Juan Valdés Stauber, S. Bachthaler

  • Background and objectives Cancer diagnosis commonly causes distress. There are associations between distress levels and clinical and psychosocial variables, but they are not necessarily dependent on cancer type. We assessed whether distress in hospitalised oncology patients treated by a consultation–liaison service (CLS) varied with oncological diagnosis or sociodemographic, clinical and care variables.

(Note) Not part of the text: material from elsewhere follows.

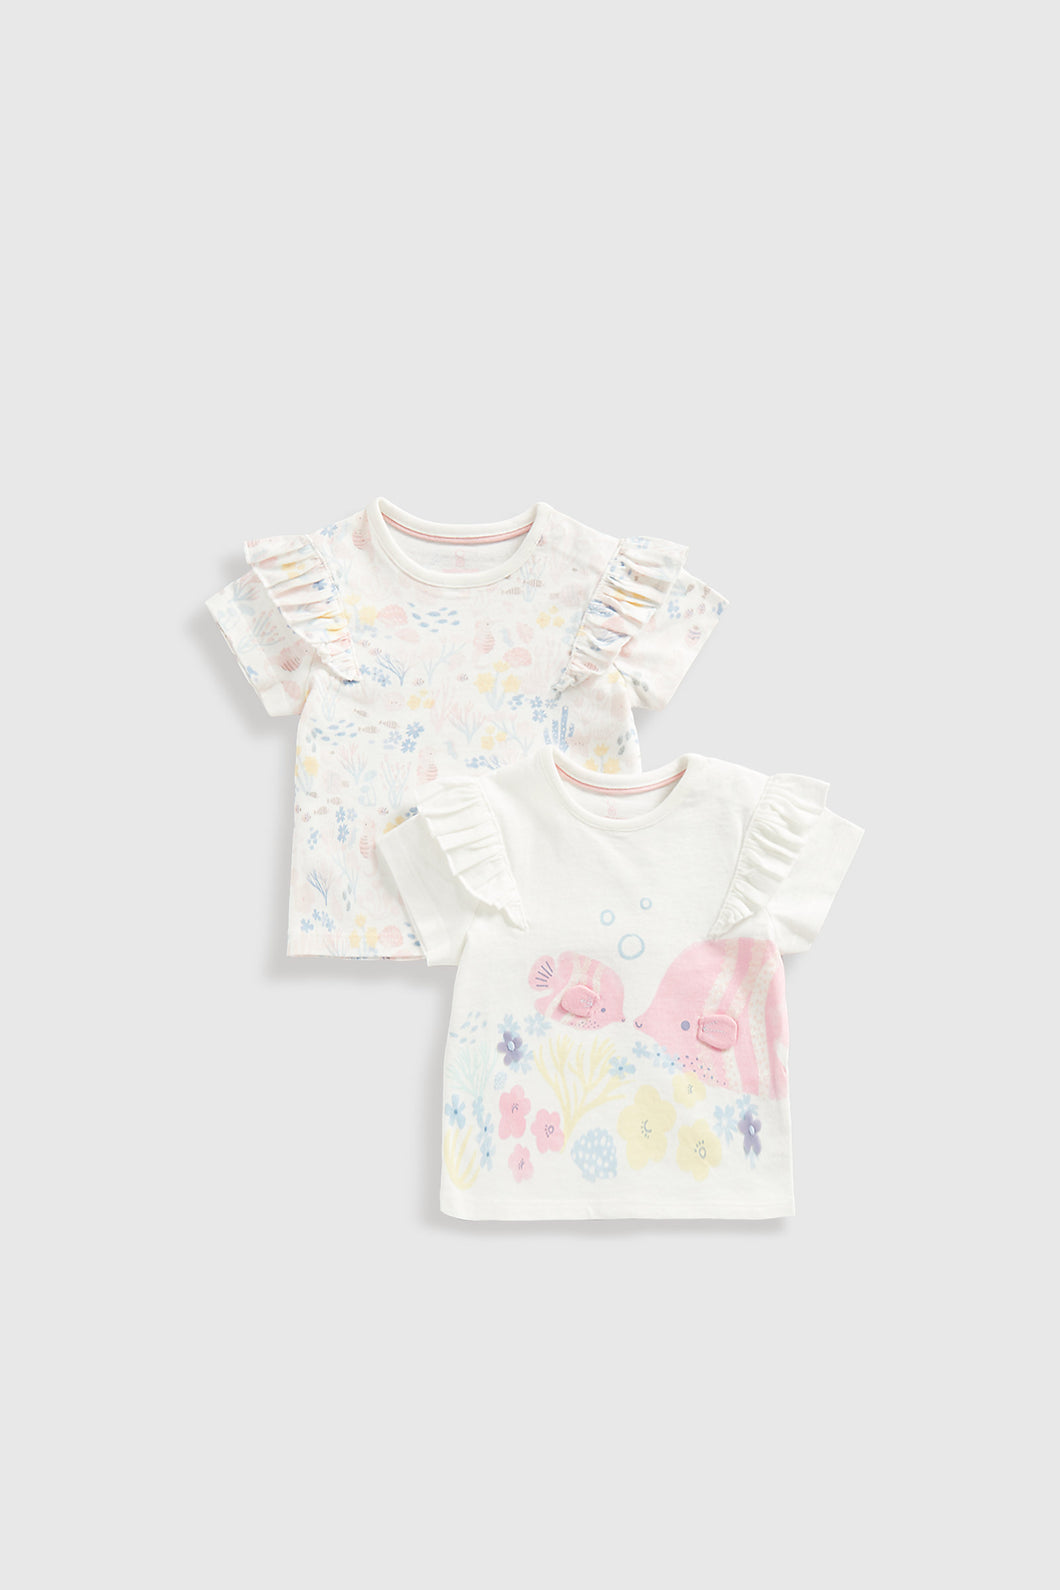 Mothercare Sea-Life T-Shirts - 2 Pack
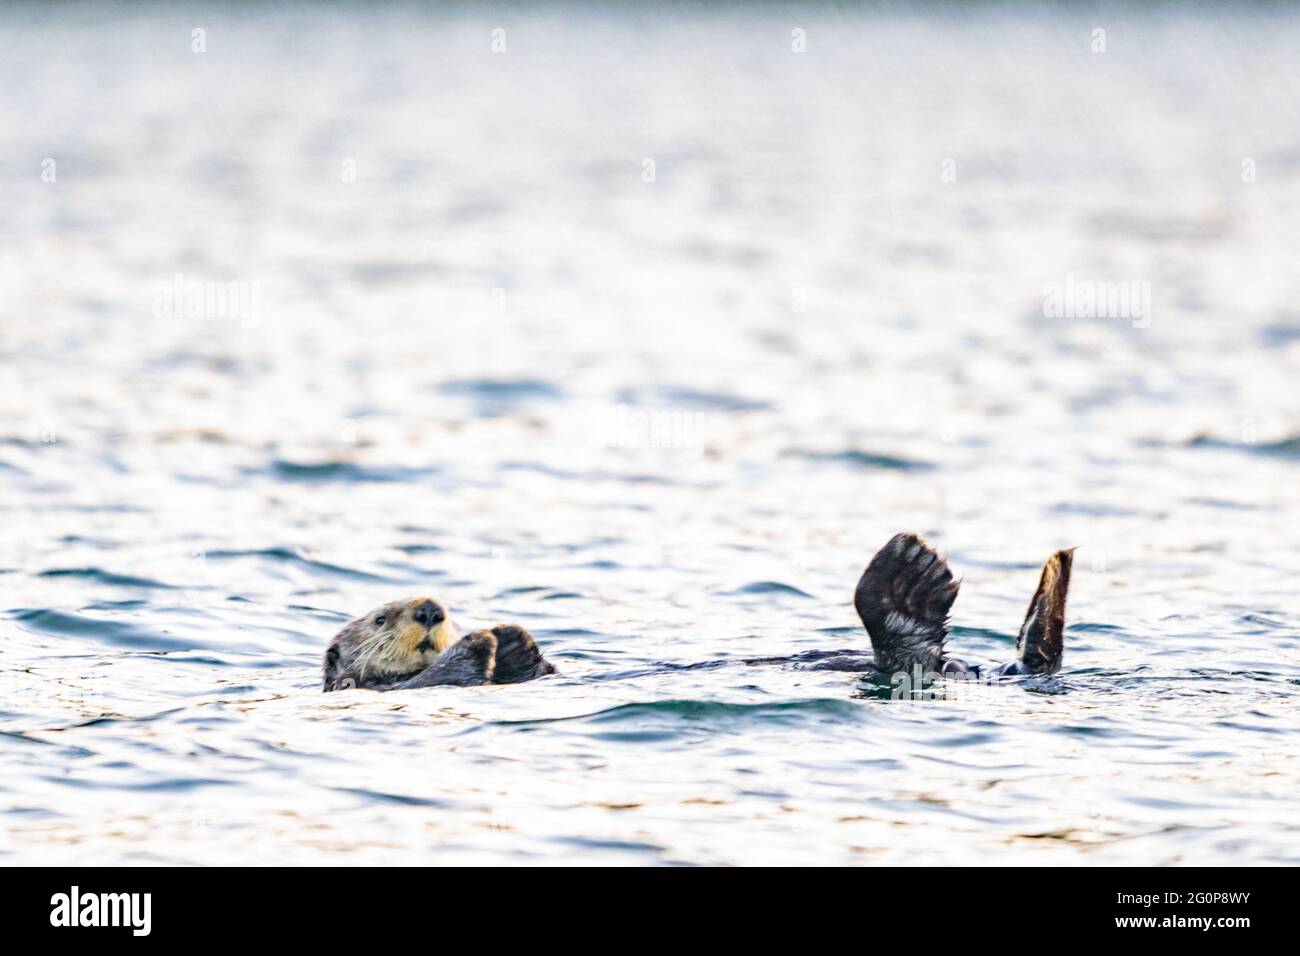 Sea otter sticking their feet out of the water to warm up. Stock Photo

    Methods A naturalistic, retrospective survey of all cancer patients (N = 2864) treated by a CLS over a five-year period (2012–2016). Data were collected using standardised documents. Differences were analysed using bivariate regression. Multivariate linear regression and logistic regression respectively were used to assess associations between distress as a continuous (0–10) or dichotomous variable (0–4 vs. 5–10) and clinical and care variables.

    Results Bivariate tests showed that the following characteristics were associated with higher distress levels: female (68.5%); foreign (7.9%); psychiatric comorbidity (18.9%); electively referral (23.6%); two or more interventions (20.7%); psychotherapeutic (35.3%) or psychopharmacological (5.4%) interventions; post-discharge treatment recommendation (23.3%). Level of functioning (Eastern Cooperative Oncology Group Scale-ECOG), number of contacts and cumulative treatment time were positively associated with distress, unlike age. Patients with gynaecological, lung, otorhinolaryngological and brain cancers had higher distress levels. Multivariate linear regression largely confirmed the bivariate results. Logistic regression demonstrated that a dichotomous distress variable did not differentiate between cancer types.

    Conclusions Distress is less strongly related to cancer type than other clinical factors, e.g. psychiatric comorbidity, autonomy. Highly distressed patients should receive more intensive CLS care, irrespective of specific diagnosis. The positive association between elective referral and distress indicates that the CLS referral process works well.